Unfortunately this solution has two major problems:

1. It is very hard to find a pushbutton with change-over contacts (almost impossible).

2. A separate R-S flip-flop hardware needed, which costs money and needs extra printed circuit board space.

By the way, nobody uses this (theoretically) perfect solution, nowadays it it handled by other techniques in the microcontroller’s software. There are man types of software solutions publised on the internet. These mainly use a time delay to detect if the contact is ON. If it is ON for a given time (let’s say 10 ms), the bouncing is over and the contact is stable.

If one could find a switch or pushbutton with a change-over contact, the R-S flip-flop function can be easily implemented in the software, but it would still use two inputs of the chip, and I/O is simply too valueable for this purpose.

software_rs_flip_flop_debouncing

Software RS flip-flop based debouncing

Now let’s focus on a real world example based on a PLC system.
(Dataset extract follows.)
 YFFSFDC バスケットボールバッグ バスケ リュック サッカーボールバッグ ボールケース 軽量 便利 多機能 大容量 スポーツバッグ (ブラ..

There is a control room, where the pesonnel can watch the entire technology, and can make some action to it. This action takes place through a control panel, where some buttons, switches and signalization lamps can be found.

These “human-machine interfaces” are connected to the PLC through a cable. This cable has many wires in parallel.

control_panel

PLC and human-machine interface connection

Let’s assume that pressing a button initiates an action. By pressing again, it initiates the same action again. So we need an exact information of that given switch, whether it is open or closed.
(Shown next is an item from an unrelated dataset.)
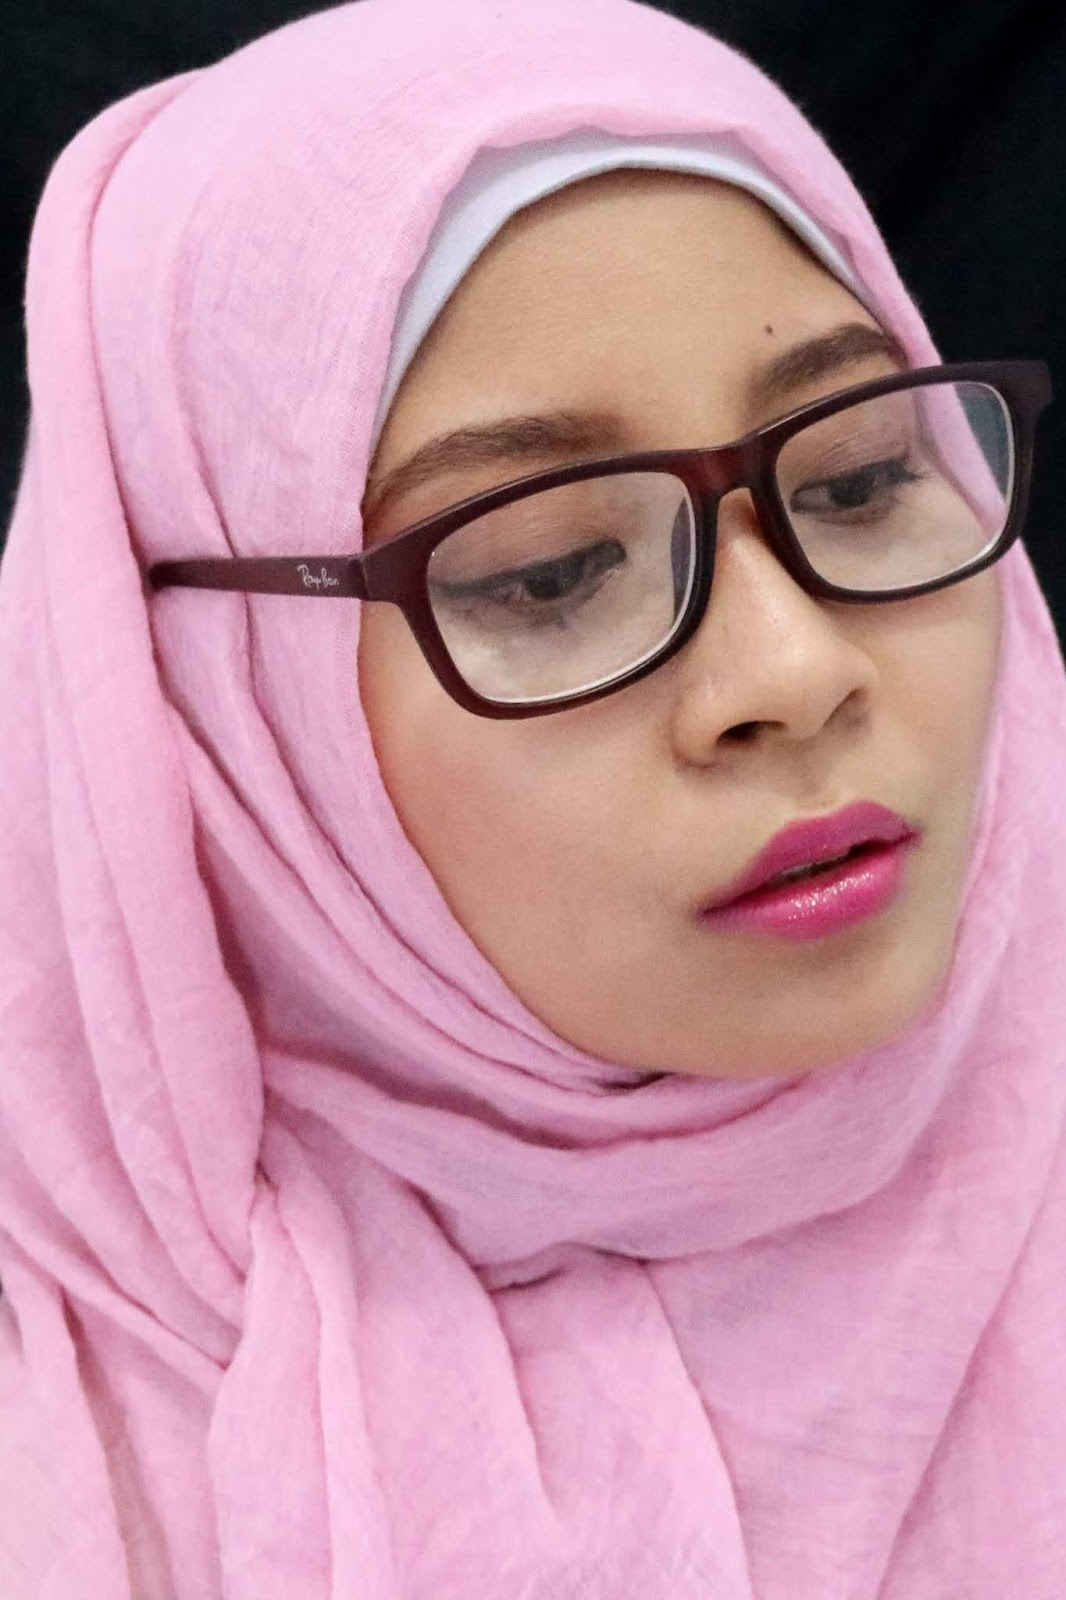 Kumpulan Foto Cewek Igo Hijab Selfie Yang Cantik Dan Manis

In this case (using a PLC system as mentioned above) the PLC’s software has to handle the contact bouncing phenomena.

We could use simply an on-delay timer for this purpose, and usually this is the common way used in pratice.

plc_ton

Debouncing in sotfware with a single ON delay timer

But in case this control panel has an emergency OFF switch (the well known, big, red, mushroom type pushbutton) the following situation can occur:

The emergency OFF switch is a normally closed one, which lets the current flow through itself in normal cases. If pressed it directly cuts off the current from other devices, but it also signals its “pressed” state to the PLC (through its another contact). Let’s say that the interconnect cable between the PLC and the control panel is long enough, and through this cable there are also some relays driven.

When one of these relays are operated, a relatively big energy impulse is injected to the cabel by the PLC. Since the cable is pretty long, there will be some capacitive coupling between the cable’s wires. This coupling will affect the emergency OFF button’s wire as well. In an unfortunate case the affection is detected by the PLC (as if the button is pressed) so it will make some (unwanted) action to the process (probably stops it).

So at the end, the contact bouncing is to be checked in case of OFF to ON state AND in case of ON to OFF state.

Here is a simple solution for this problem:

plc_ton_ton

There are simper ways to do this, but this clearly shows the principle and the physical background behind.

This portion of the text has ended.